Studies have found that drinking tart cherry juice improved sleep quality in adults with insomnia. Tart cherries are also helpful for blood sugar issues, as they have been found to lower blood sugar and produce a molecule that helps the body handle sugar better.
Vegetables and Leafy Greens
While it’s already known that you should include plenty of vegetables in your diet, they are especially helpful if you have insomnia issues related to blood sugar. Since vegetables and leafy greens are high in fiber but low in carbs, they are the ideal food for balancing blood sugar levels.
Foods to Avoid for Insomnia Related to Blood Sugar
Your body digests different foods at different rates.
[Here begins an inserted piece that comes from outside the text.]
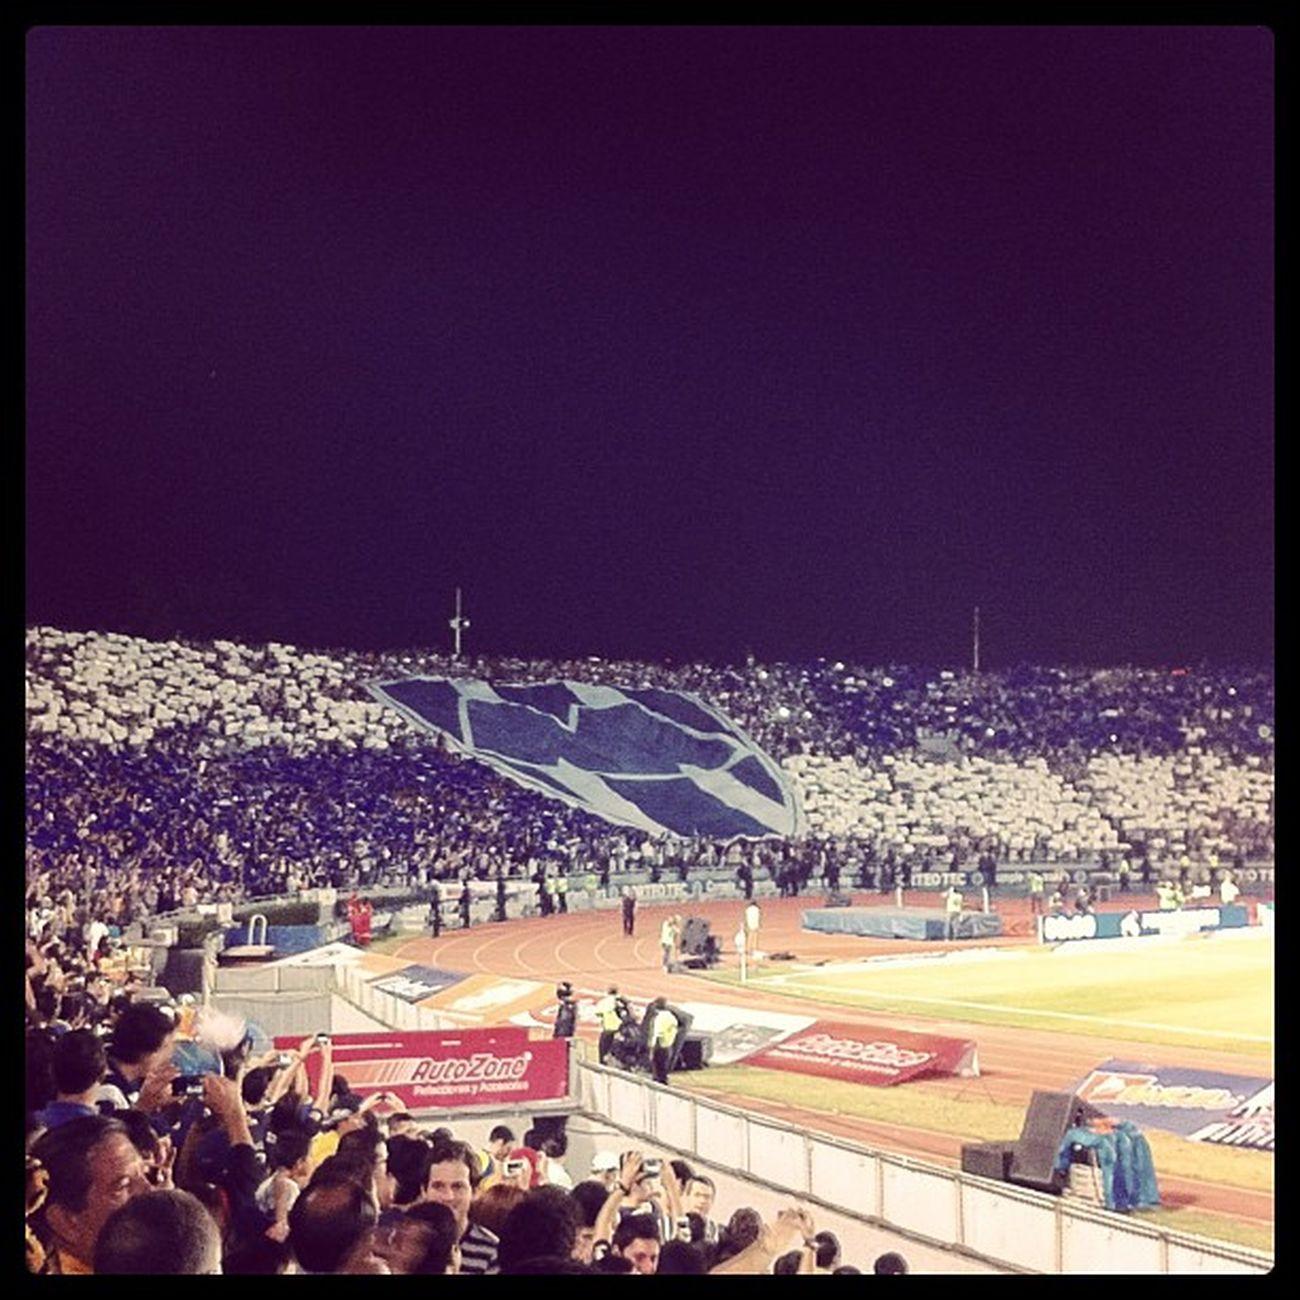 Mural Mosaico Bigflag Rayado rayas rayados de mty monterrey blue white ligamx recibiendo al mejor hinchas barra brava mexico adiccion futbol soccer ⚽?⚽

For those of you who struggle with blood sugar imbalances, you should avoid foods that your body quickly converts to sugar and foods that are high in sugar but low in digestion-slowing nutrients. Here are some foods to avoid to help improve your insomnia.
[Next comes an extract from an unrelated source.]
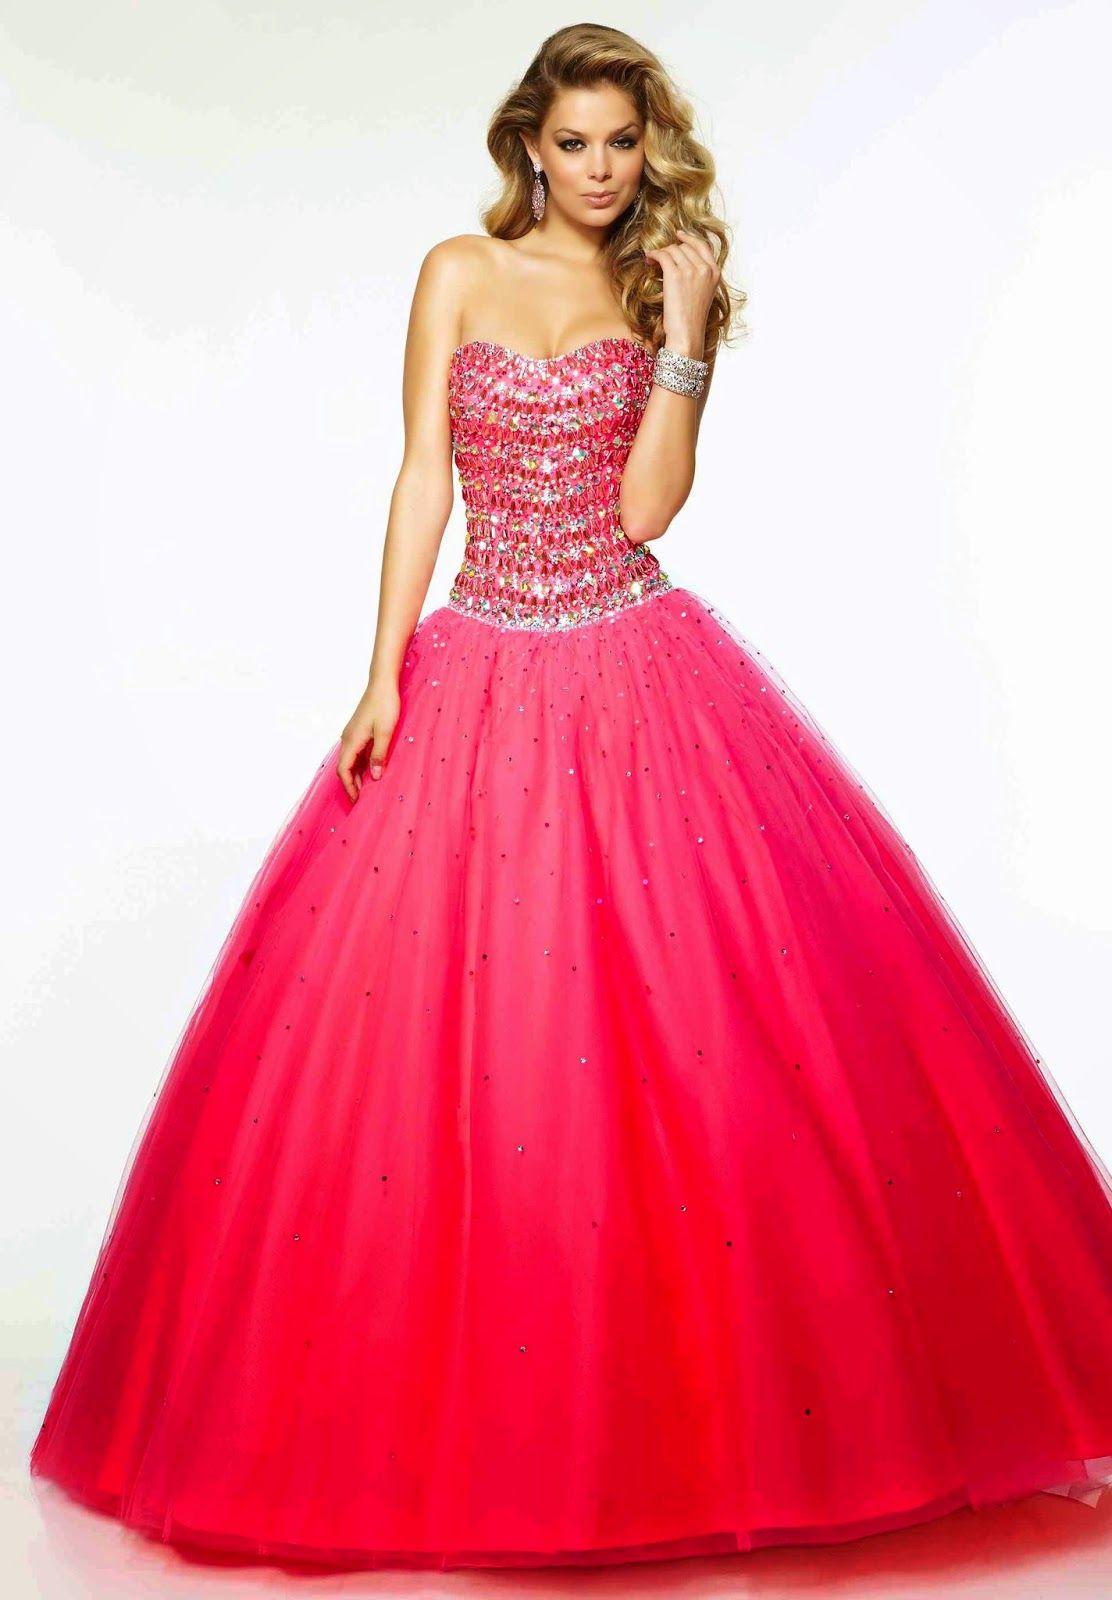 Moda Para Fiestas De Quinceañeras Bonitos Vestidos De

While high-fiber carbohydrates are fine, refined carbohydrates should be avoided. This type of carbs has been heavily processed to the point that they contain very little fiber. They are converted to sugar quickly, which causes a quick spike in blood pressure. Examples of refined carbohydrates include white pasta, white bread, pastries, cookies, crackers, and bagels.
Women should only consume six teaspoons of sugar per day, and nine teaspoons for men, according to the American Heart Association. Sweetened drinks like soda, sweetened iced tea, juice, and sports drinks often contain 8 to 10 teaspoons of added sugar in a single bottle. Without any fiber in these drinks, your body digests the sugar very quickly. You experience a rapid blood sugar increase. Instead, stick with water and unsweetened beverages.
Foods With Added Sugar
If you check the labels, most processed foods contain added sugar. While you might think you’re making a healthy choice with granola bars or a fruity yogurt, you’ll find that these foods contain quite a bit of added sugar. Sometimes, it’s hard to tell if the food contains sugar since food manufacturers may use up to seven different types of sugar in a single product. If you do buy processed foods, check the nutrition labels carefully for added sugar.
Instead of turning to medications to help you sleep better at night, take a look at what you eat during the day. If you notice a trend towards high-sugar foods and refined carbohydrates, a change in diet may be all it takes to get better sleep. By eating foods that help your blood sugar stay balanced throughout the day, you can sleep better at night.